MATERIAL TO PROCESS
►

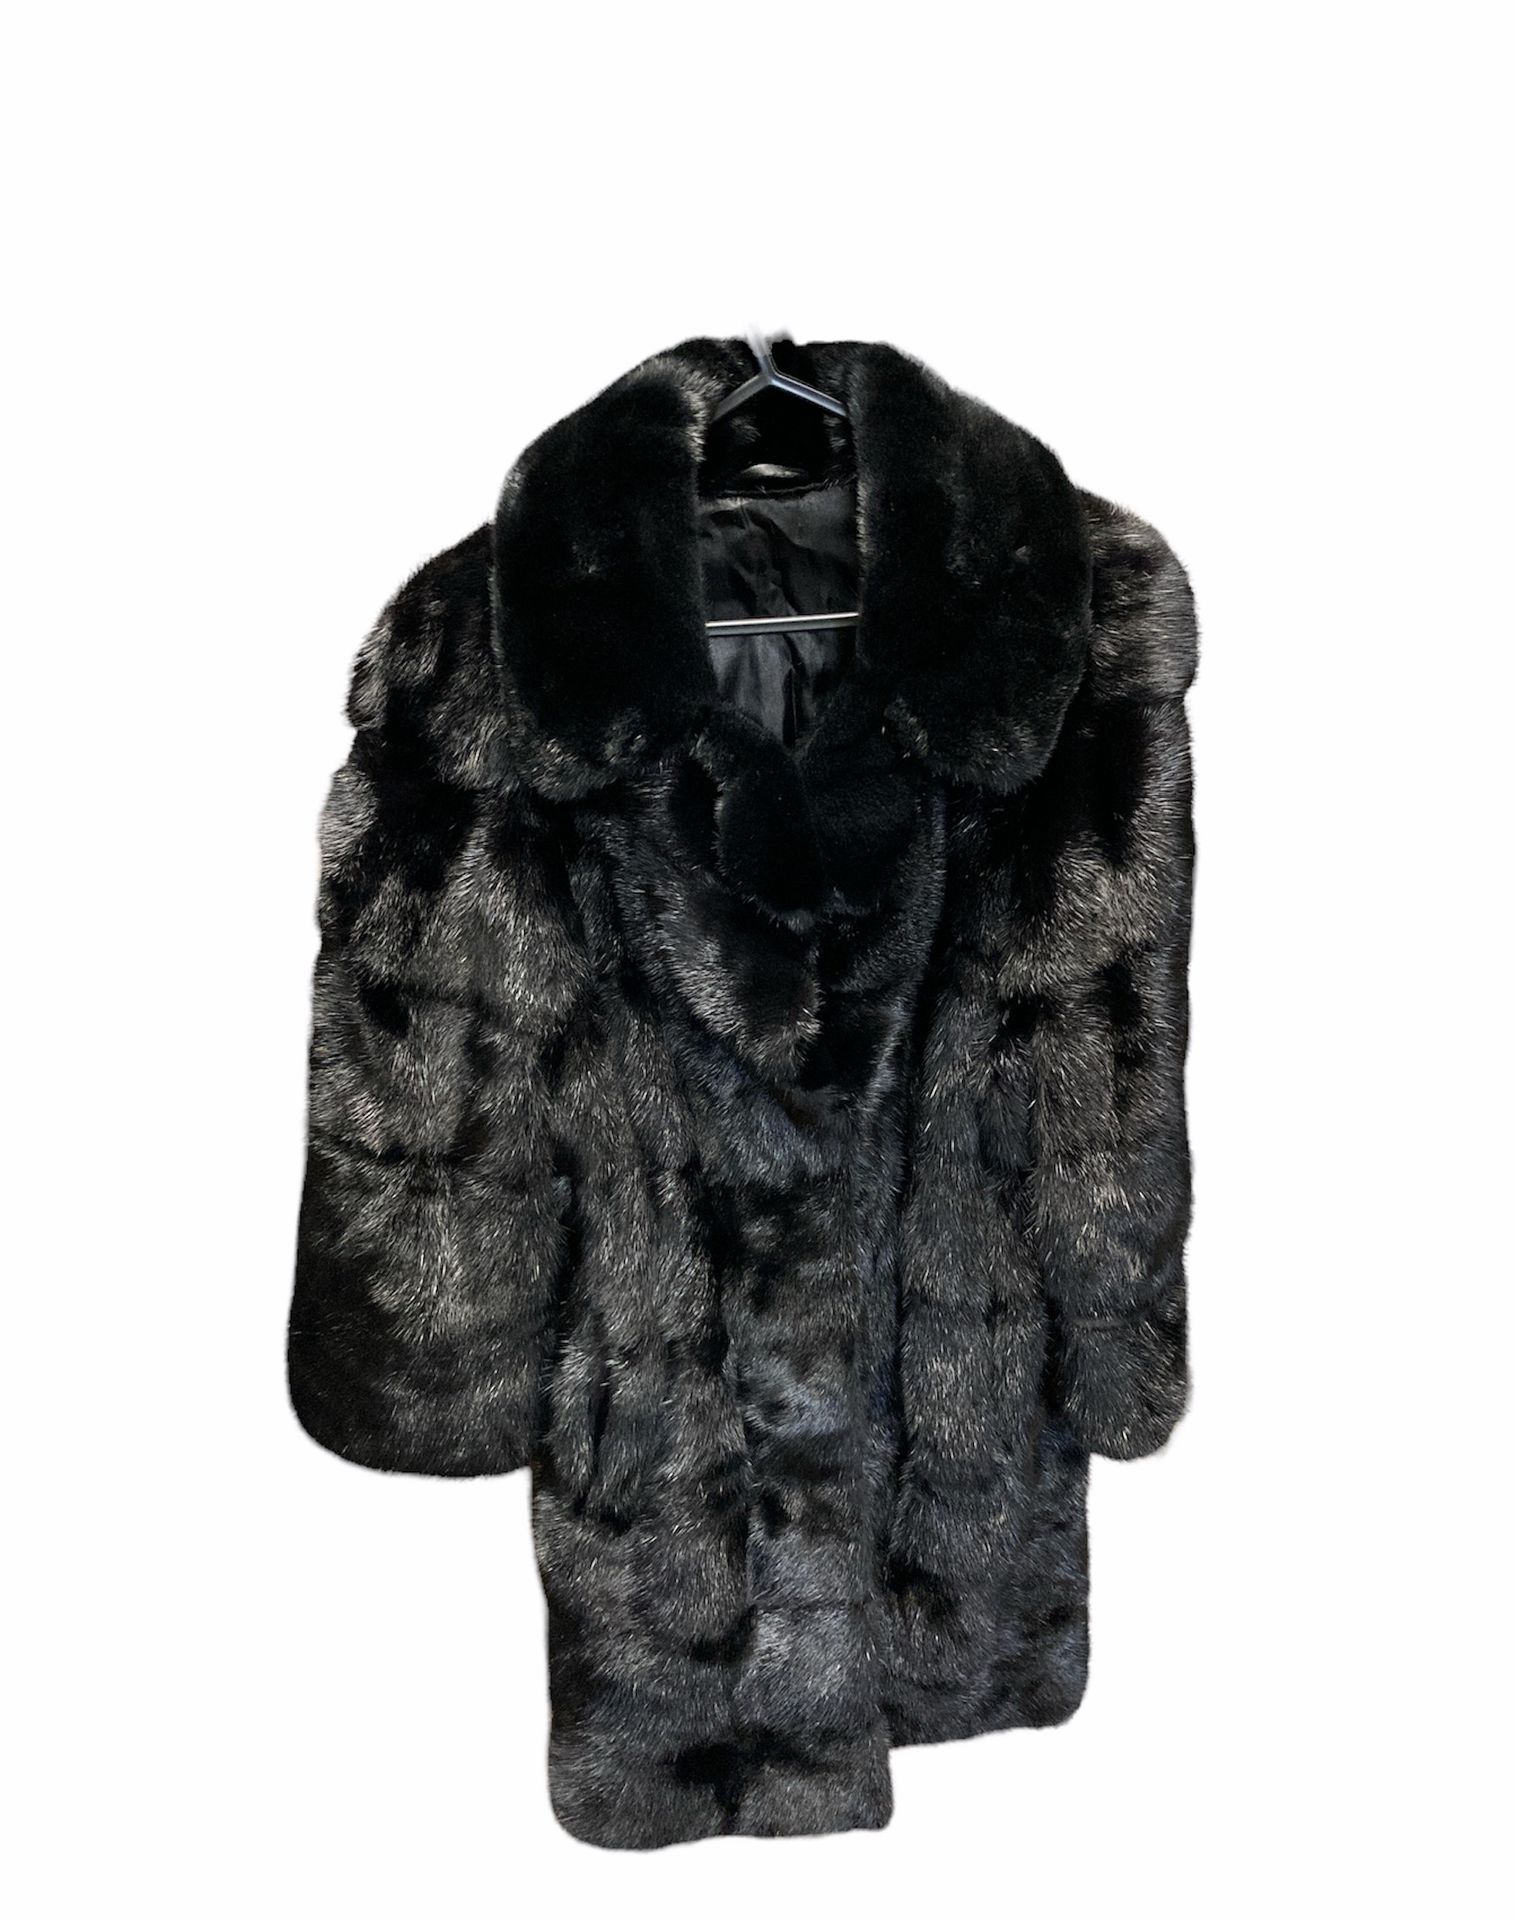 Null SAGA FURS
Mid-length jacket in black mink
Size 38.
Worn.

◄
►

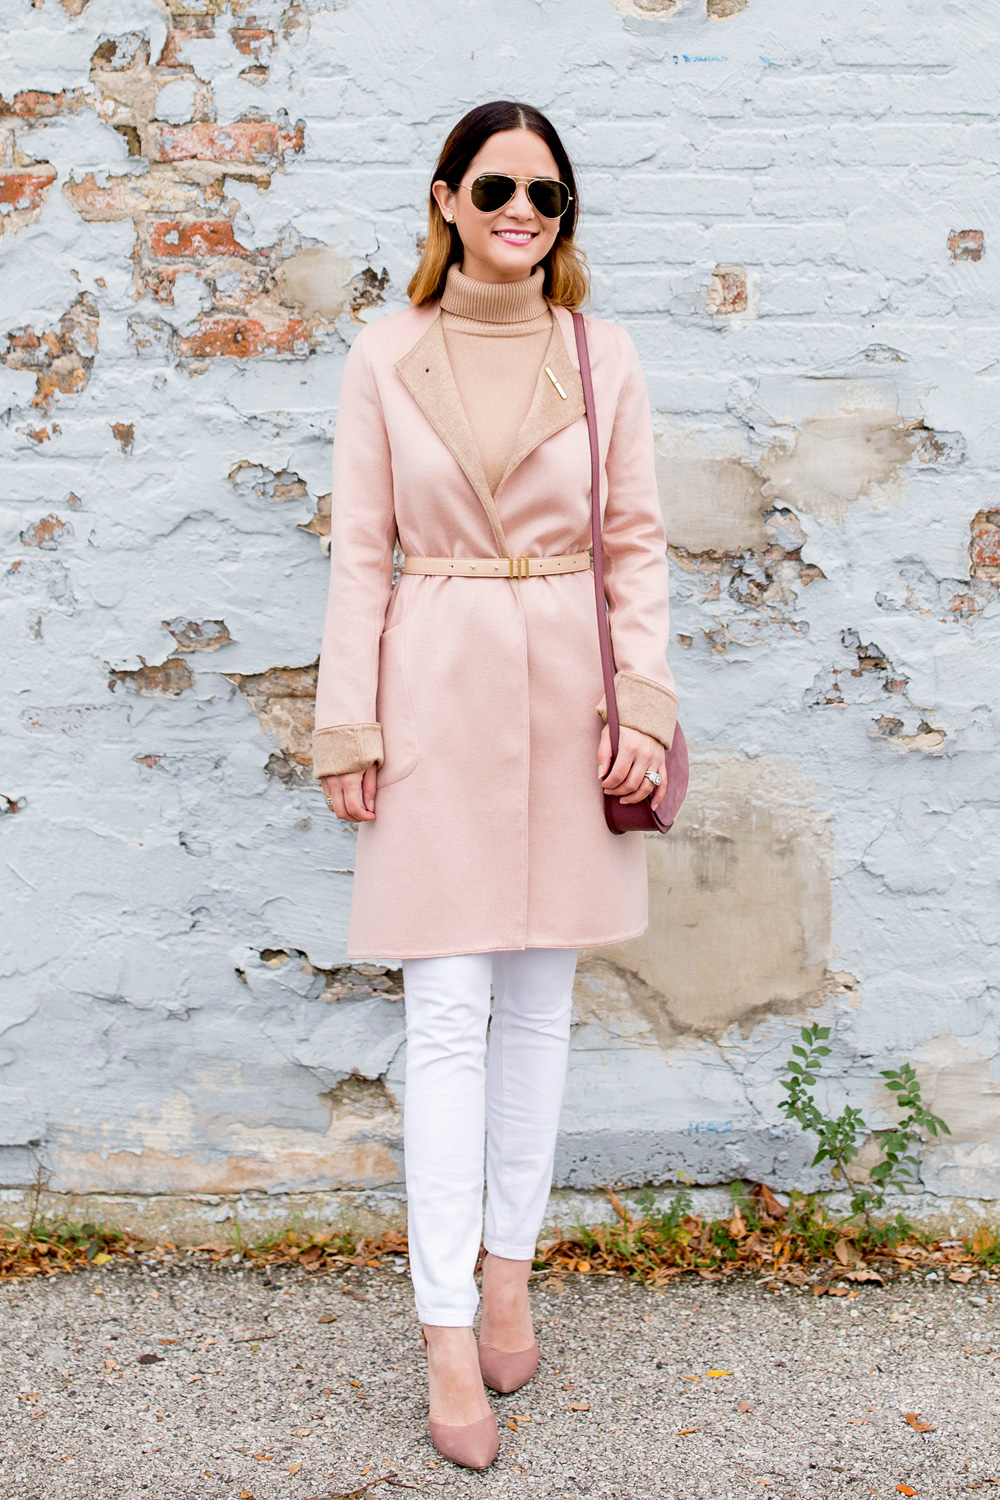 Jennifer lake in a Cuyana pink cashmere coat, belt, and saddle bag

◄
►

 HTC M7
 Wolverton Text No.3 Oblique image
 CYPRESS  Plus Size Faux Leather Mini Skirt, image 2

◄

TASK DIRECTIONS
Please, from the material above, copy only the lines from the line with "Wolverton Text No.3 Oblique image" up to and including the line with "Skirt, image 2", exactly as written.

COMPLETED EXERCISE
 Wolverton Text No.3 Oblique image
 CYPRESS  Plus Size Faux Leather Mini Skirt, image 2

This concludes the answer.